(EXERCISE REQUIREMENTS) Transcribe exactly, and without pictures, only the lines from the one bearing "Gemstone Grandeur Multi-color" through the final line of the data below.

(COLLECTED DATA)

···

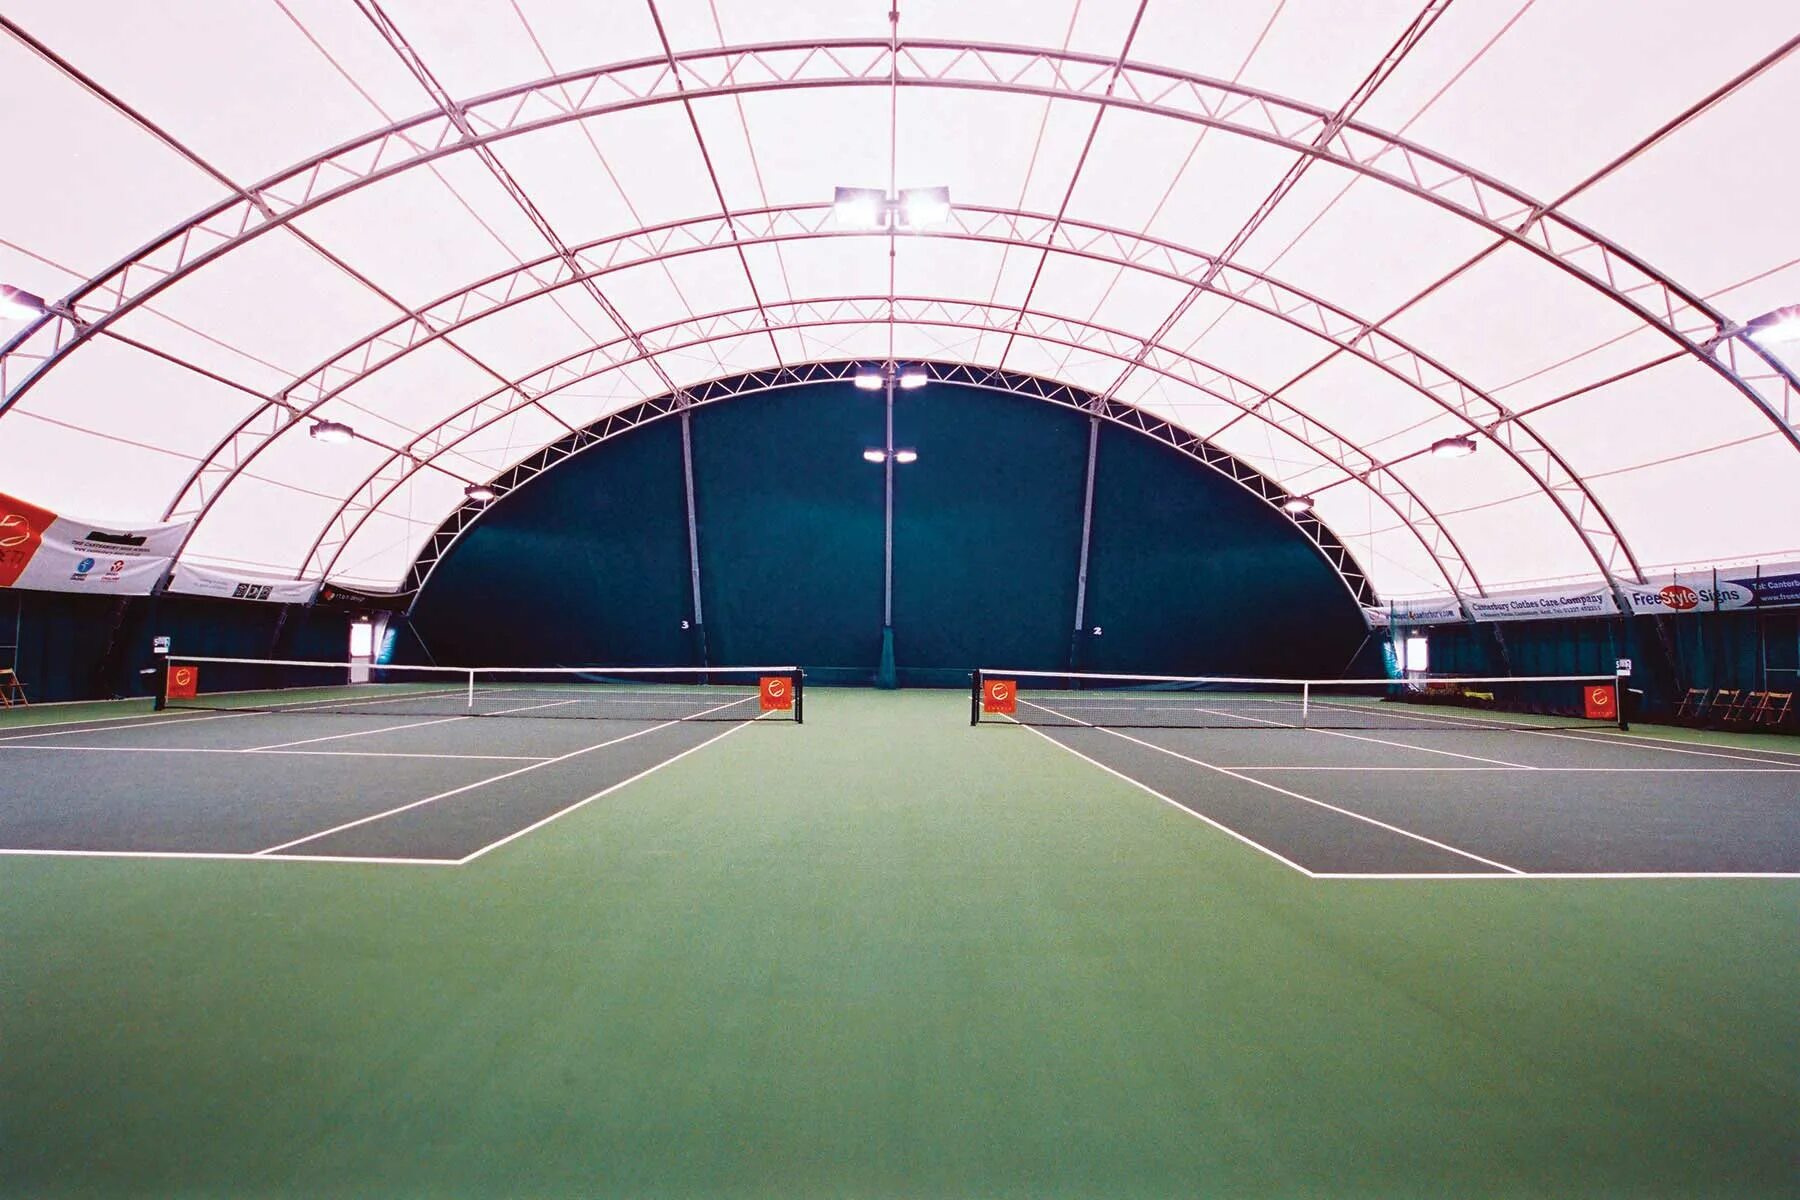 Сад имени Баумана теннисный корт. Стадион Ангара легкоатлетический манеж. Теннисный корт 40 на 20. Теннисный корт Гамильтон.
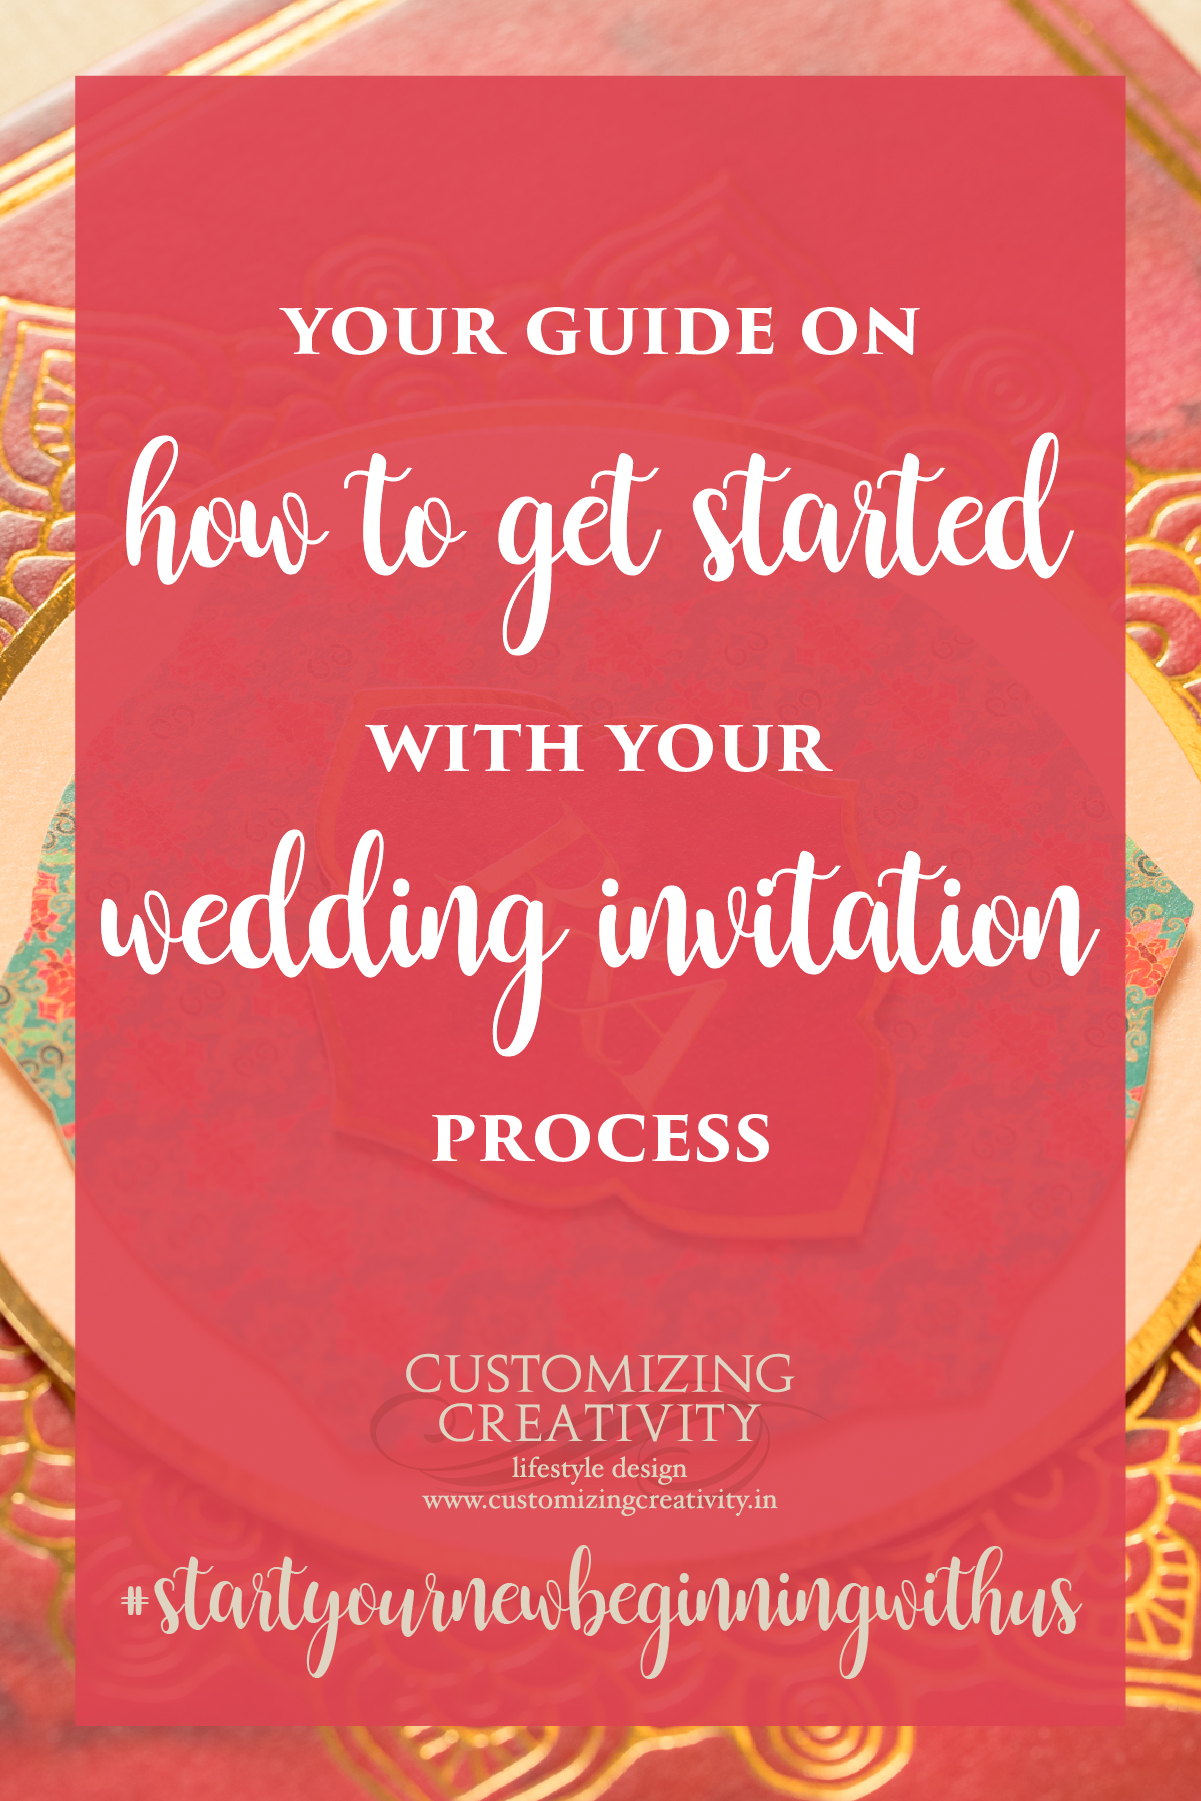 Wedding Invitation cards, wedding invites, save the date, wedding logos, Indian wedding invites, Indian wedding cards
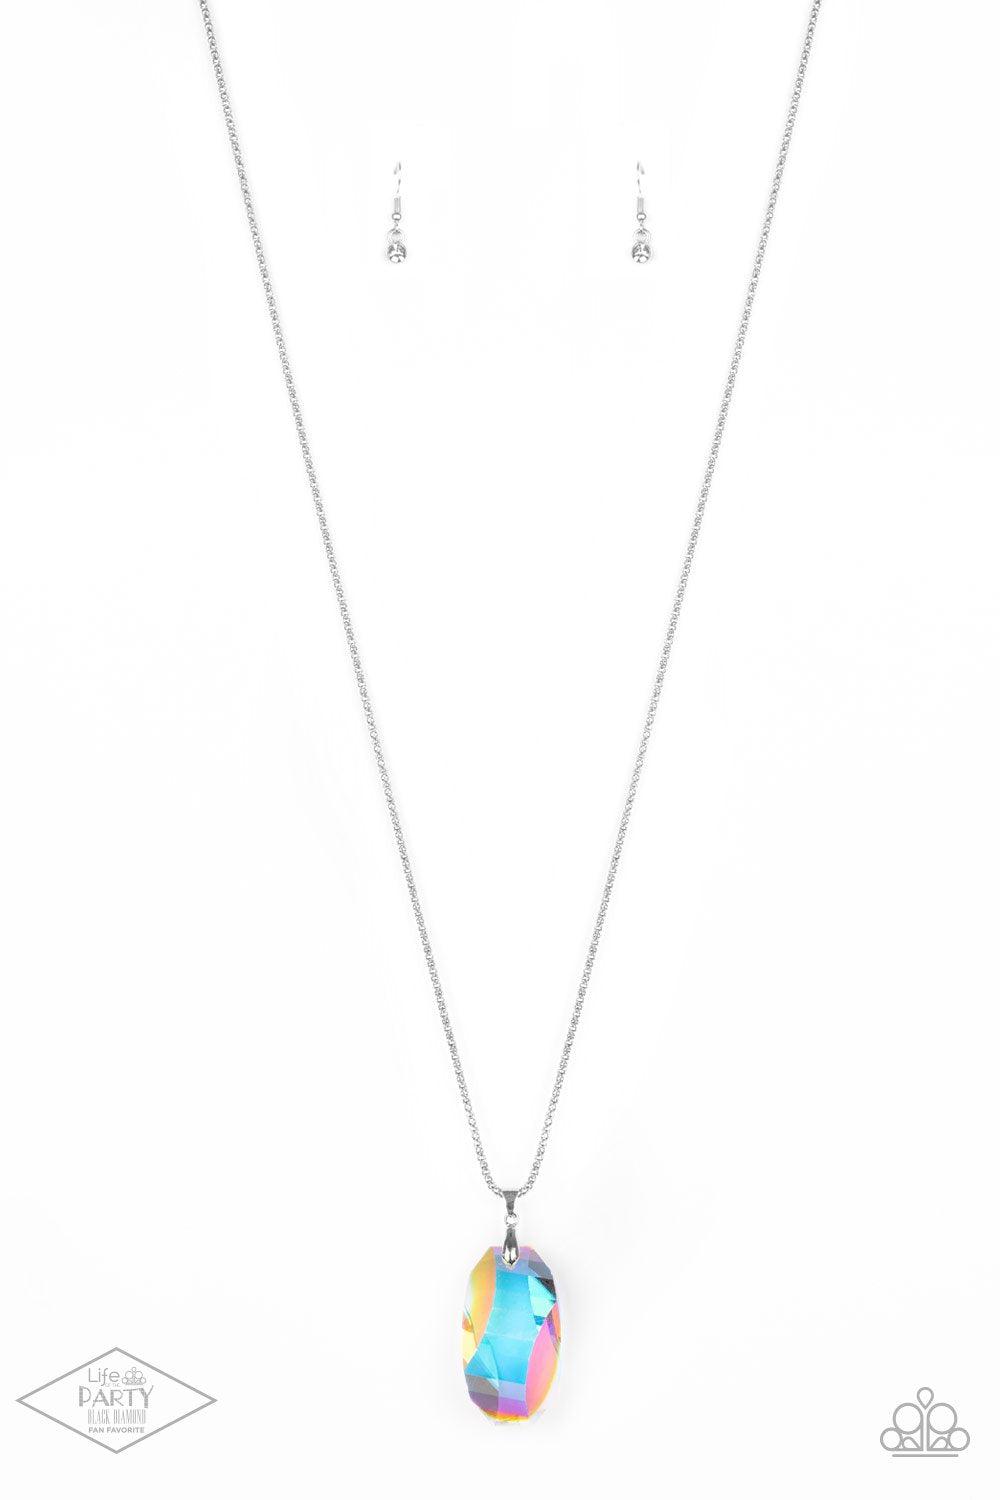 Gemstone Grandeur Multi-color Iridescent Gem Necklace - Paparazzi Accessories- lightbox - CarasShop.com - $5 Jewelry by Cara Jewels
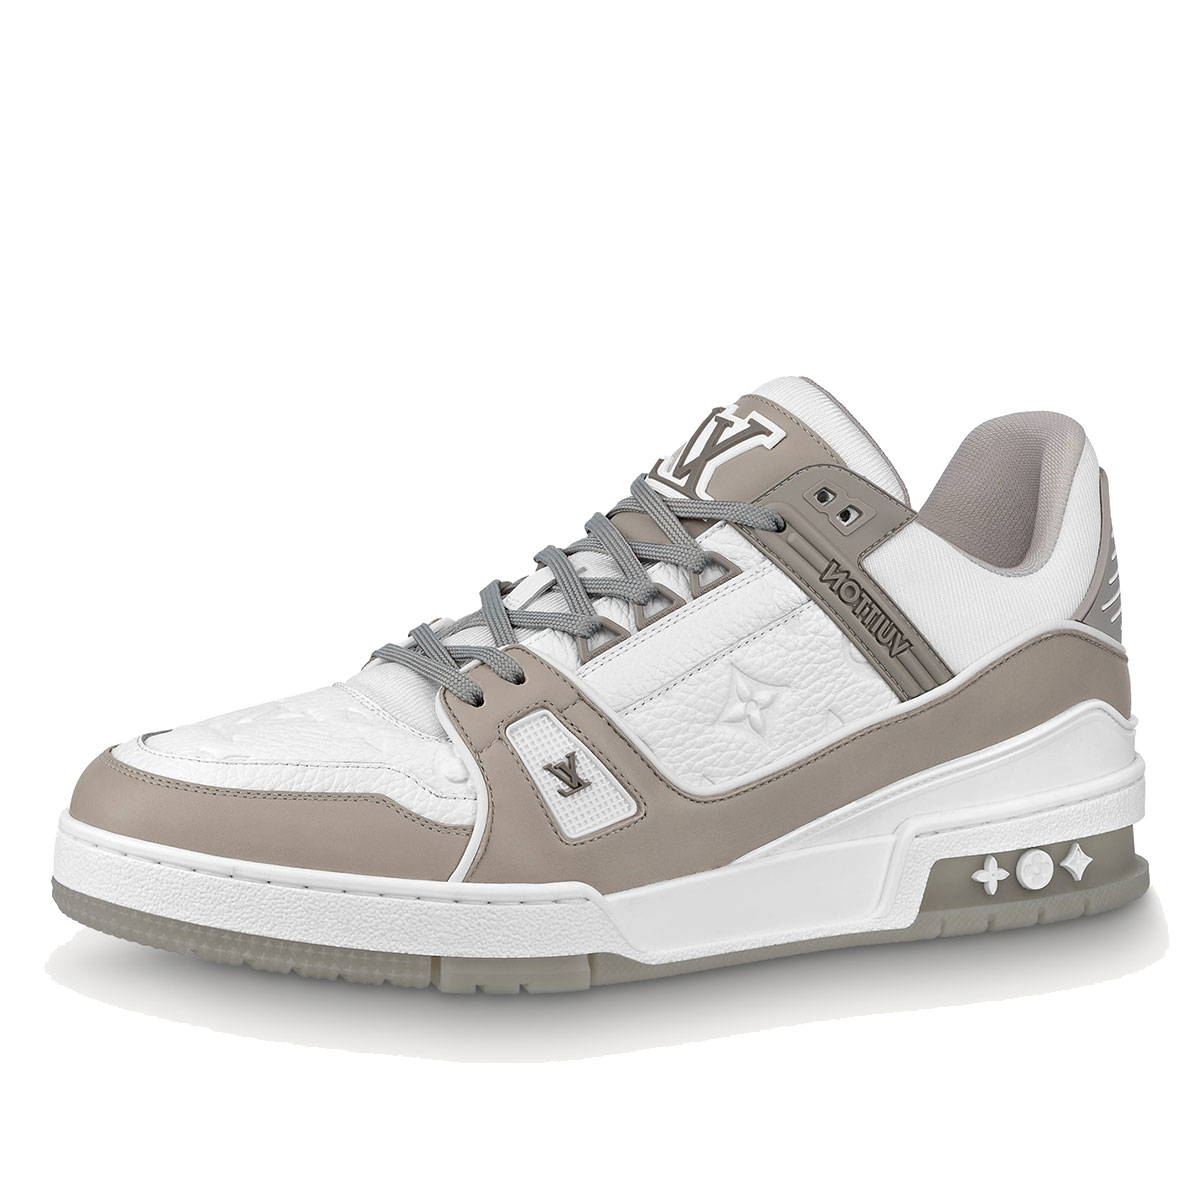 Louis Vuitton LV Trainer Sneaker in Grey

···

(TASK RESULT)
 Gemstone Grandeur Multi-color Iridescent Gem Necklace - Paparazzi Accessories- lightbox - CarasShop.com - $5 Jewelry by Cara Jewels
 Louis Vuitton LV Trainer Sneaker in Grey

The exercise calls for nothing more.